W Poznaniu zaczyna brakować krwi. Regionalne Centrum Krwiodawstwa i Krwiolecznictwa alarmuje o BARDZO niskim stanie grup 0 RH + i 0 RH-. Odnotowano też niski stan grup A RH+, A RH- i B Rh-. I tu apel do krwiodawców, by oddać krew jej jeszcze przed wyjazdem na urlop.
Na pewno strach przed zakażeniem spowodował mniejszy pobór. Nasi dawcy odpoczywają: są albo przed urlopem, albo w trakcie urlopu. Jest jeszcze jeden problem: od trzech miesięcy nie ma studentów - bardzo życzliwej i bardzo oddanej części naszego społeczeństwa- mówi Krzysztof Olbromski, dyrektor Centrum.
Żeby pomóc uzupełnić braki w magazynach, krew można oddać w centrum przy ulicy Marcelińskiej. Wystarczy umówić się na konkretny termin przez internet. Można też wsiąść do krwiobusu, który krąży od czerwca po ulicach Poznania.

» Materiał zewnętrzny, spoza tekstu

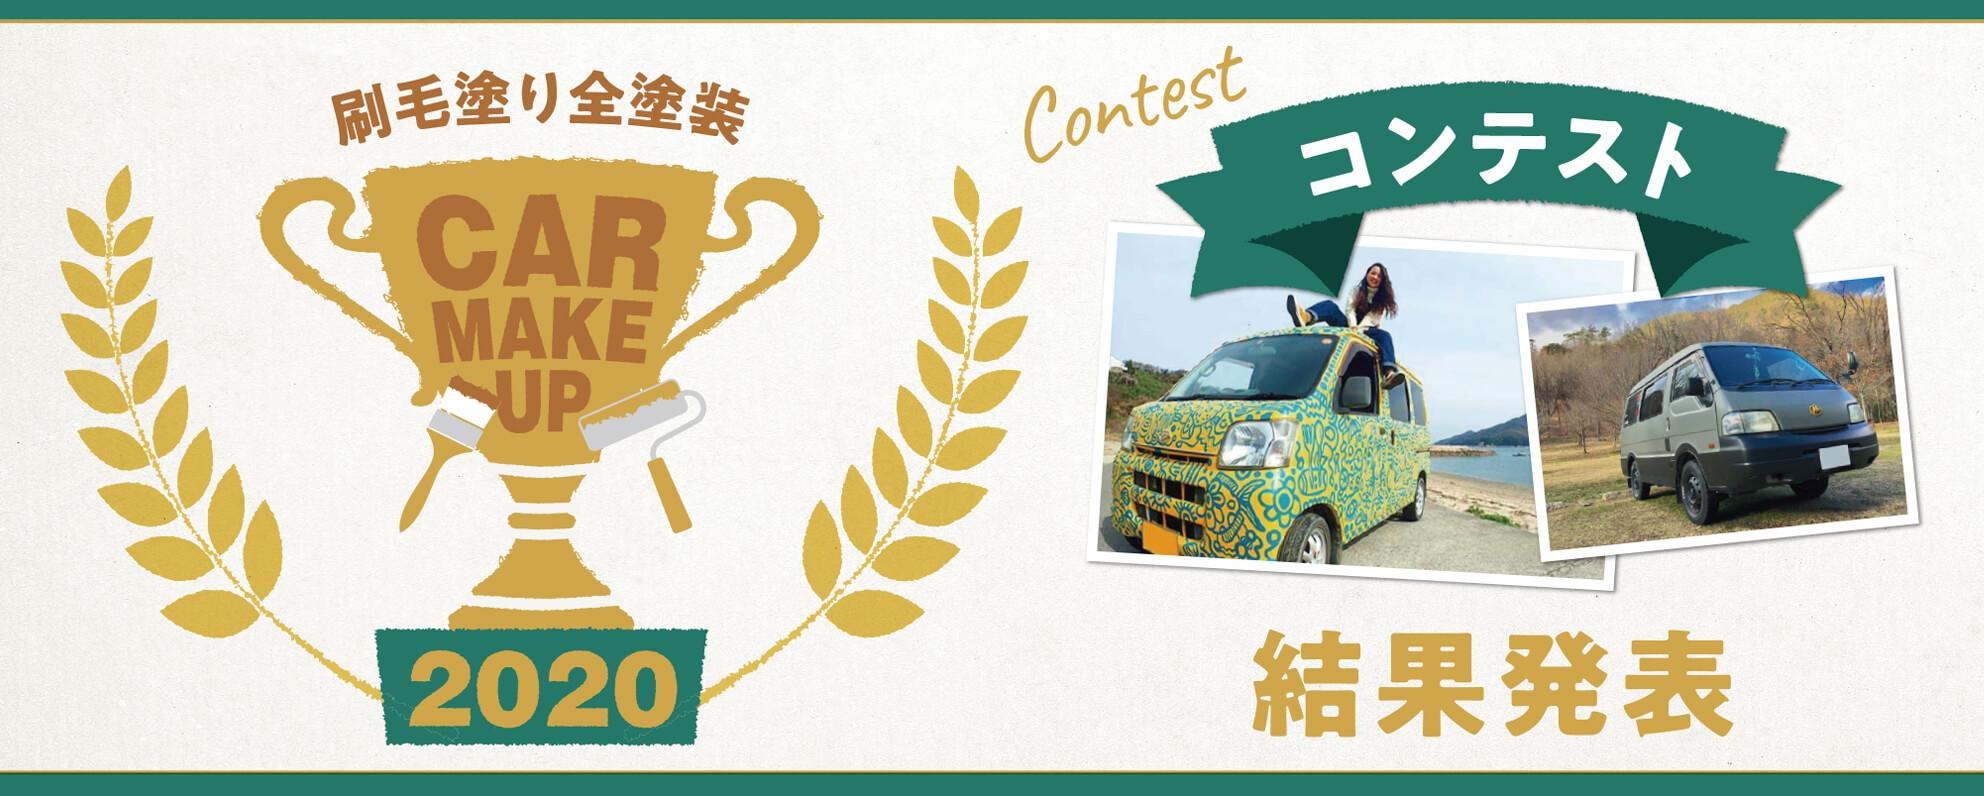 2019カーメイクアップコンテスト2020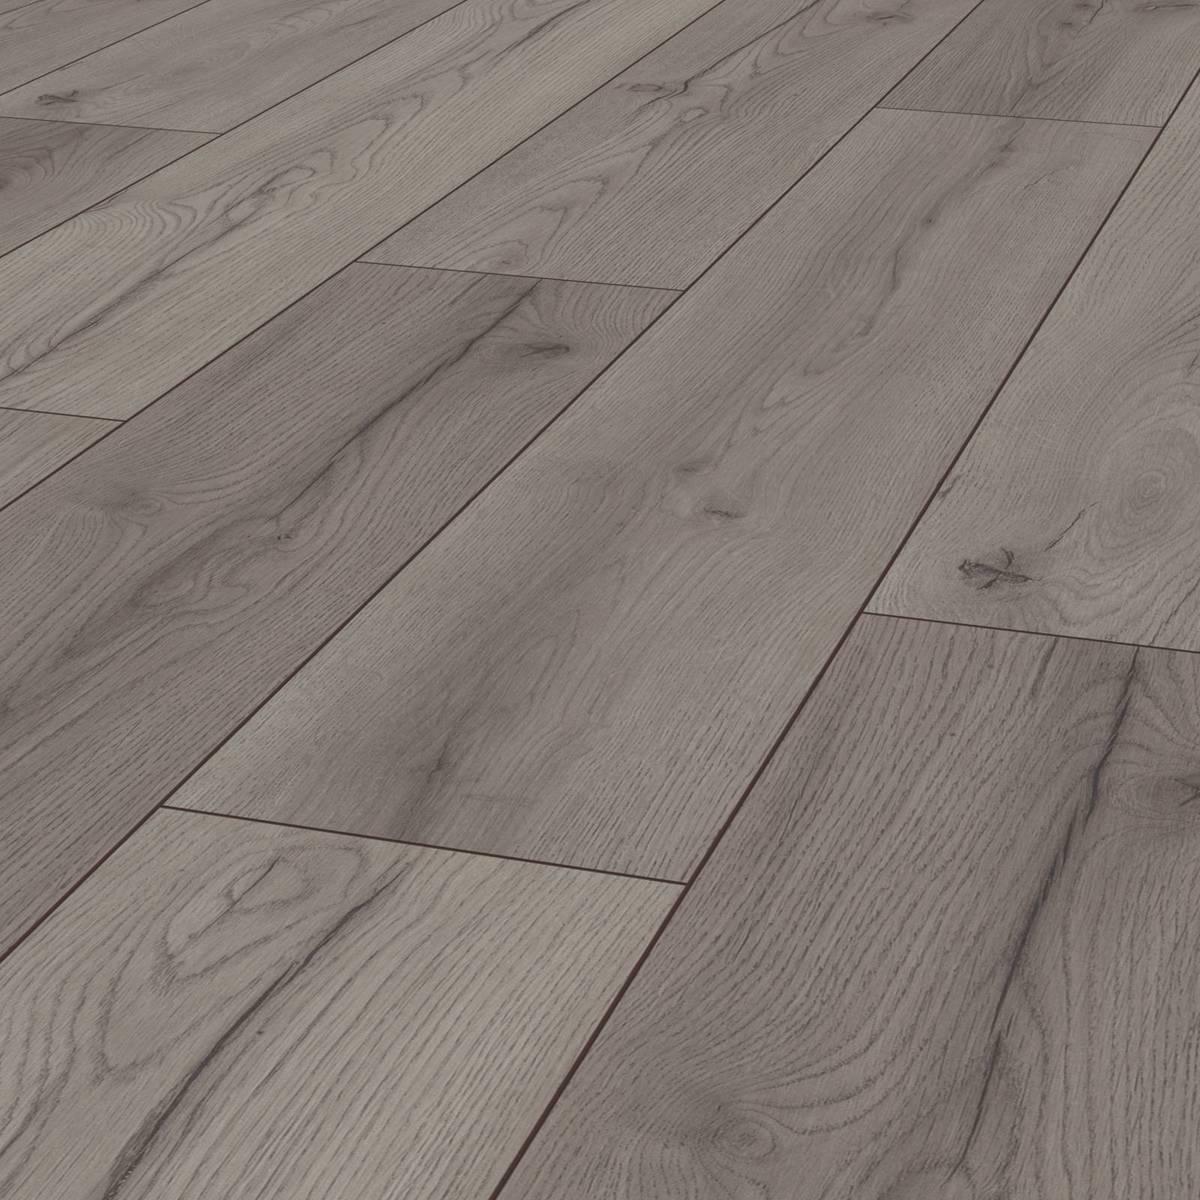 43m² Kronotex Century Oak Grey D4175 7MM Laminaat kopen

Do krwiobusu może się zgłosić każdy, kto się czuje zdrowy, ma skończone osiemnaście lat i - po prostu chce pomóc. Bo krew to ogromny skarb: to lekarstwo, które wytwarza tylko i wyłącznie organizm ludzki, nie da się tego chemicznie zestawić, zsyntezować.
Z powodu epidemii do czterech ograniczono liczbę osób, która jednocześnie może przebywać na pokładzie krwiobusu. To zwiększa kolejkę, ale co najważniejsze - bezpieczeństwo krwiodawców.